Reputation: 1752
I have a large data frame with groups and subgroups. I would like to determine the index of the subgroup in each group, like shown in the OUTPUT
column of the following data frame:
df <- data.frame(
Group = factor(c("A","A","A","A","A","B","B","B","B")),
Subgroup = factor(c("a","a","b","b","b","a","a","b","b")),
OUTPUT = c(1,1,2,2,2,1,1,2,2)
)
I've tried several possibilities with without any success. I'd like to work with dplyr
, but I'm not sure how to go about this. The following code returns an unexpected result.
require(dplyr)
df <- df %>%
group_by(Group) %>%
mutate(
OUTPUT_2 = dplyr::id(Subgroup)
)
#df
# Group Subgroup OUTPUT_2
# (fctr) (fctr) (int)
#1 A a 8
#2 A a 8
#3 A b 8
#4 A b 8
#5 A b 8
#6 B a 4
#7 B a 4
#8 B b 4
#9 B b 4
I've the feeling I'm close, but not getting there. Can anybody help?
Upvotes: 2
Views: 460
Reputation: 6969
Here is a solution with data.table
without aggregation:
dt[order(Subgroup), Output := cumsum(!duplicated(Subgroup)) , by = .(Group)]

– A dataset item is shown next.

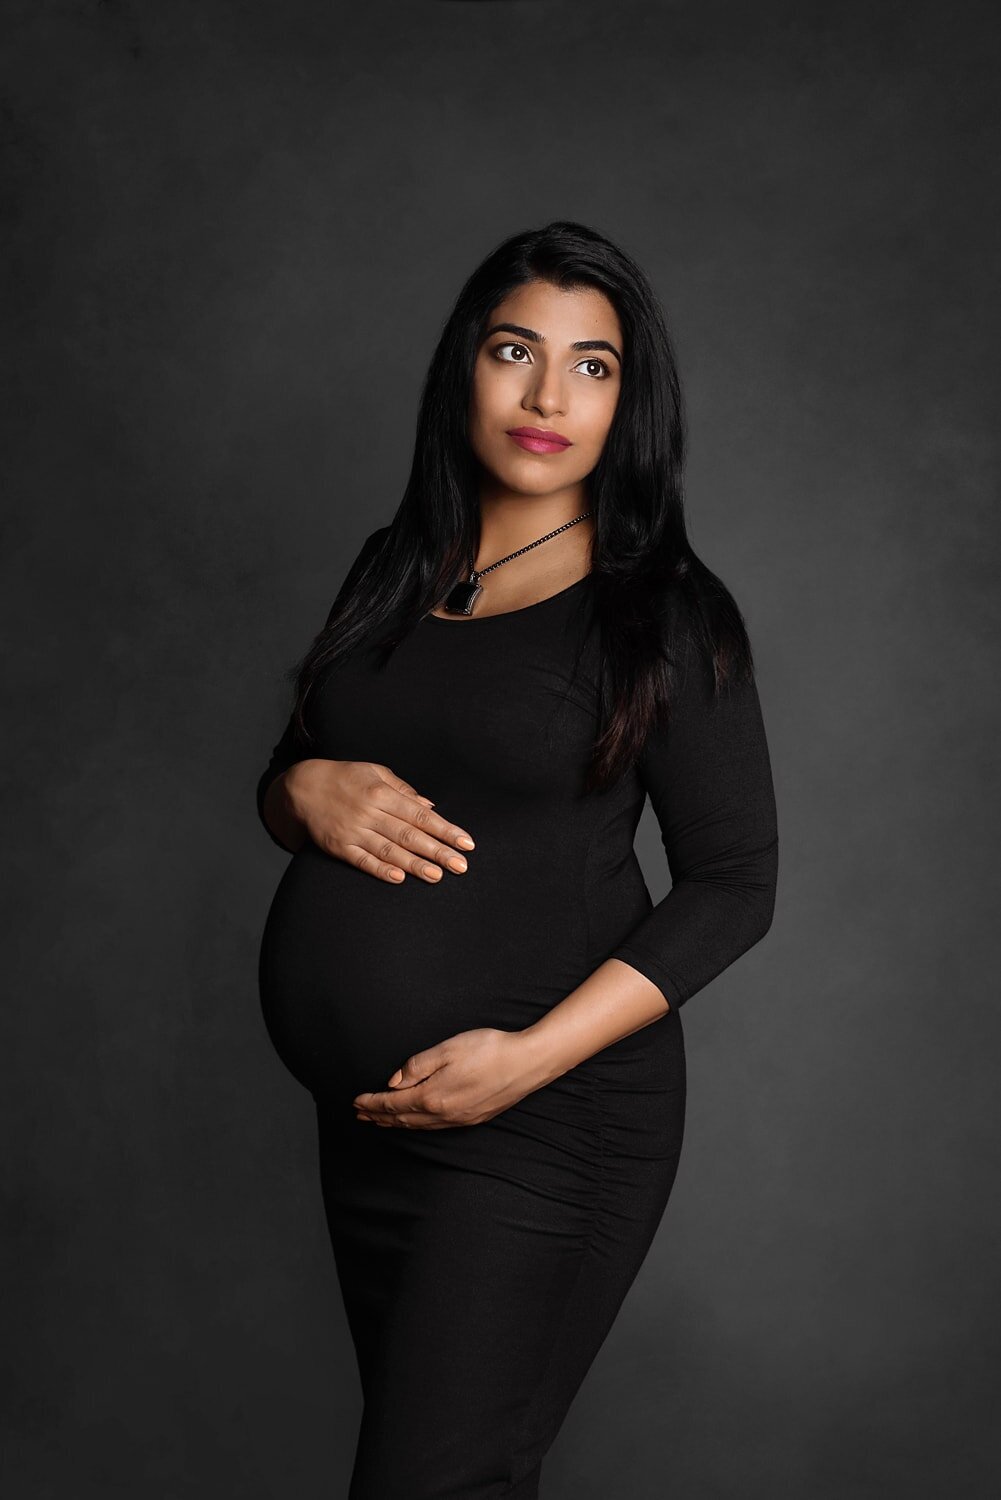 Gastown Vancouver Classic Dramatic Studio Maternity Photography

This will be much faster compared to methods based on aggregation.
Upvotes: 3
Reputation: 886948
We can use the factor
route with dplyr
library(dplyr)
df %>%
group_by(Group) %>%
mutate(OUTPUT = as.numeric(factor(Subgroup, levels= unique(Subgroup))))
# Group Subgroup OUTPUT
# <fctr> <fctr> <dbl>
#1 A a 1
#2 A a 1
#3 A b 2
#4 A b 2
#5 A b 2
#6 B a 1
#7 B a 1
#8 B b 2
#9 B b 2
Or another option is match
with the unique
elements of 'Subgroup' after grouping by 'Group'
df %>%
group_by(Group) %>%
mutate(OUTPUT = match(Subgroup, unique(Subgroup)) )
# Group Subgroup OUTPUT
# <fctr> <fctr> <int>
#1 A a 1
#2 A a 1
#3 A b 2
#4 A b 2
#5 A b 2
#6 B a 1
#7 B a 1
#8 B b 2
#9 B b 2
Upvotes: 2
Reputation: 49448
library(data.table)
dt = as.data.table(df) # or setDT to convert in place
unique(dt[, .(Group, Subgroup)])[, idx := 1:.N, by = Group][dt, on = c('Group', 'Subgroup')]
# Group Subgroup idx OUTPUT
#1: A a 1 1
#2: A a 1 1
#3: A b 2 2
#4: A b 2 2
#5: A b 2 2
#6: B a 1 1
#7: B a 1 1
#8: B b 2 2
#9: B b 2 2
Translation to dplyr
should be straightforward.
Another method, following the idea of using factors from aosmith's comment, is:
dt[, idx := as.integer(factor(Subgroup, unique(Subgroup))), by = Group][]
This will create a factor with correct levels per Group which is the indexing you're after.
Upvotes: 1